Annoyance, frustration, incredulity, despair.

a sense of hummer

My heart flooded with optimism at the sight of its gleaming blue-gray flanks—the color of the early morning sky over the Rockies. The word “Independence,” emblazoned on the passenger-side door, glinted even in the dim afternoon. The mass of it overwhelmed me; its ingenuity awed me. These rhino bars, this trailer hitch, those massive wheels rolling impassively over the pavement—surely here stood the glittering epitome of America’s technological success; surely this was the worthy capstone of the past century’s automotive progress.

And how could this vehicle—which neither mountain crags, nor gulches, nor barren dunes can constrain—how could it allow itself to be bullied by bureaucrats, planners, construction workers, and parking enforcement officers who saw fit to delineate the frontier—to pave it and draw lines on it, and thereby circumscribe that freedom that our forefathers fought so hard to protect—the freedom that this very vehicle celebrates? The answer is: It could not. It did not. In parking it—in posing it on the street corner to impress the world—she placed it in not one parking space, but two.

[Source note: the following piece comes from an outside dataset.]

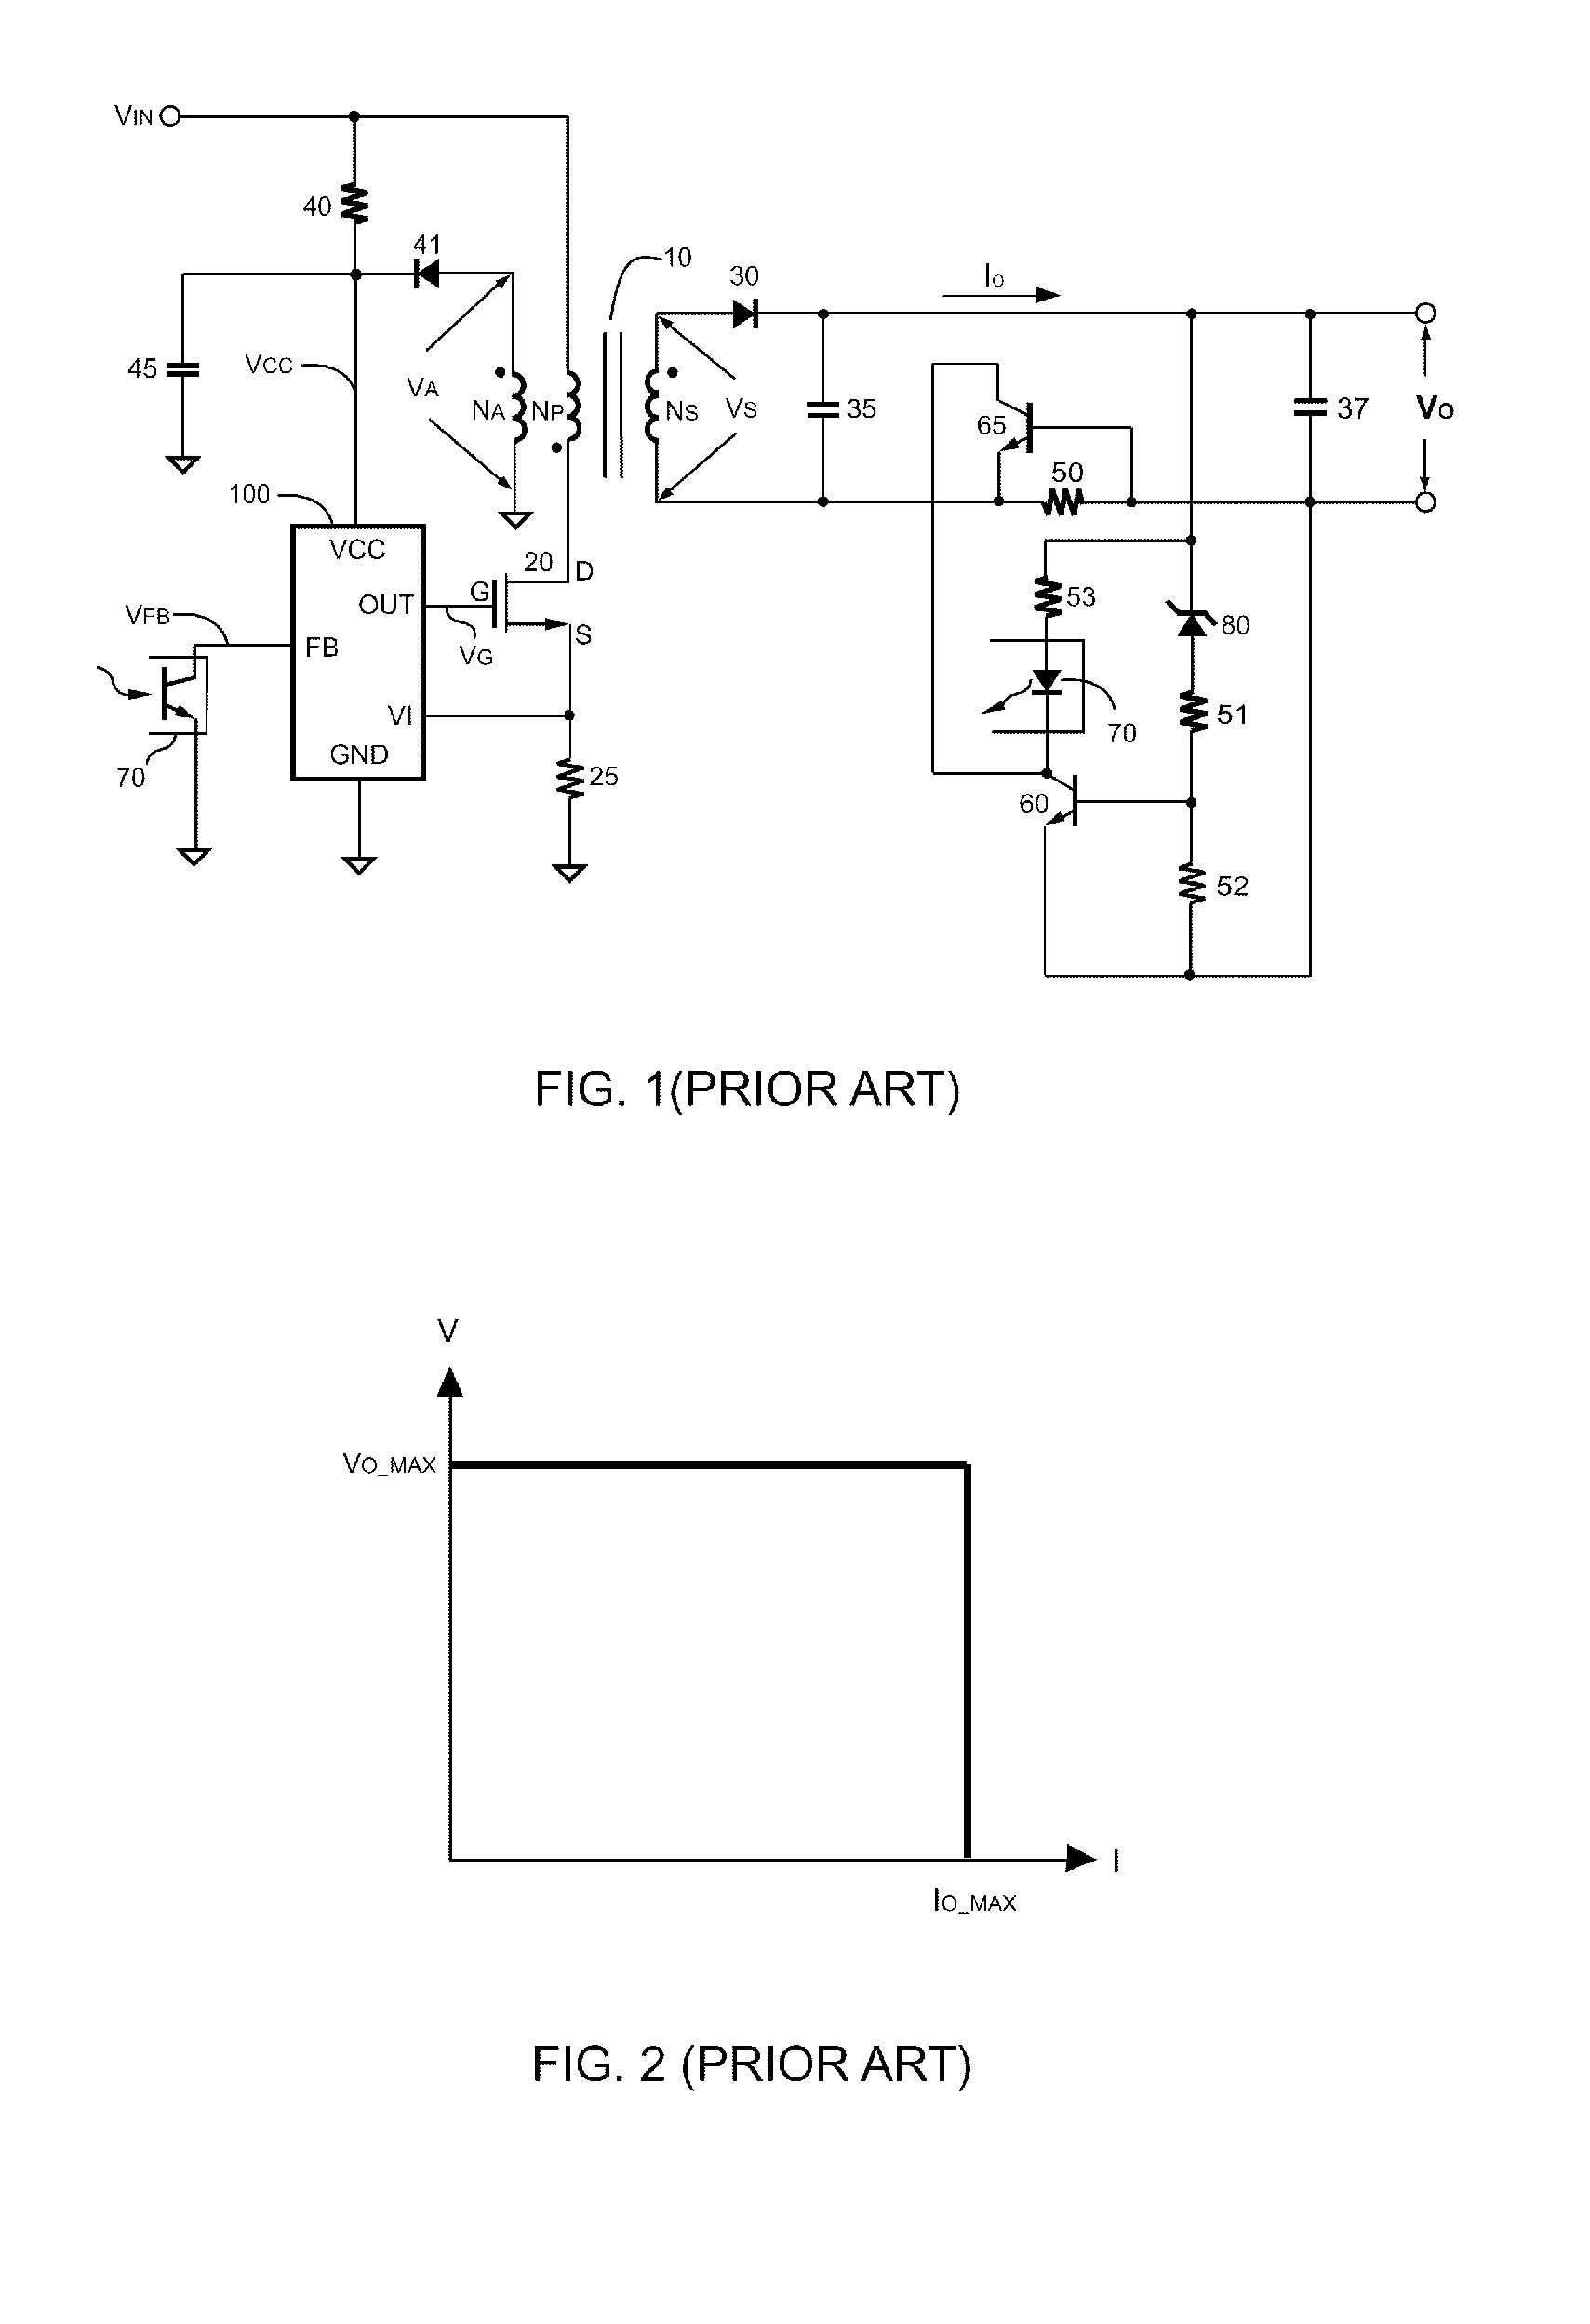 Transistor drive circuit of power converter operating in a wide voltage range

She! That icon of womanhood! That princess of automotive freedom! When she immerged from her metal steed, it became clear to me that she represented not the dowdy, downtrodden driveresses that populate our tattered byways, but some higher ideal—some butter-haired icon of driverly beauty—some all-American vision of the freedom of the roads!

Imagine my surprise at her entrance to my humble place of business. Imagine the joy I felt at upon realizing that hers was no paltry natural beauty, no improbable exception of age and physique, but a shrine to the triumph of science! Her hair golden long past its natural ability; her skin suntanned and smoothed in no way even nature could devise; her figure girlish years—decades—beyond any deservance on her own part to be called so: I marveled at these, even blessed myself that I should live in an age, in a nation, where such miracles transpire.

That the first words to flit from her lips should ask, “Do you buy old frames?” transported my delight to ecstasy. Here, embodied before me, stood the American Spirit in toto. Not content in her evident riches—not content in her mighty wheels and meticulous bod—she yet felt within her the American yearning to achieve wealth—nay, glory!—to market, to barter, to dicker, yea—to vend!

“My family used to own an antique shop,” quoth she—but how she spoke! With a disinterested nasality that murmured a frustration with the present, suserrated a desire to run free, to seek the future, whatever be its forms. So overcome was I, nary a word could I speak, not even in the interest of the frames, for verily they seemed hideous.

My eye watched her with patriotic zeal
As she walked out and climbed behind the wheel;
And I looked on from stodgy world of art
As she and Hummer boldy did depart!

heard in the art world

This just in:

Q: What do Cher and the coast of Maine have in common?

A: They're not fucking sonny any more.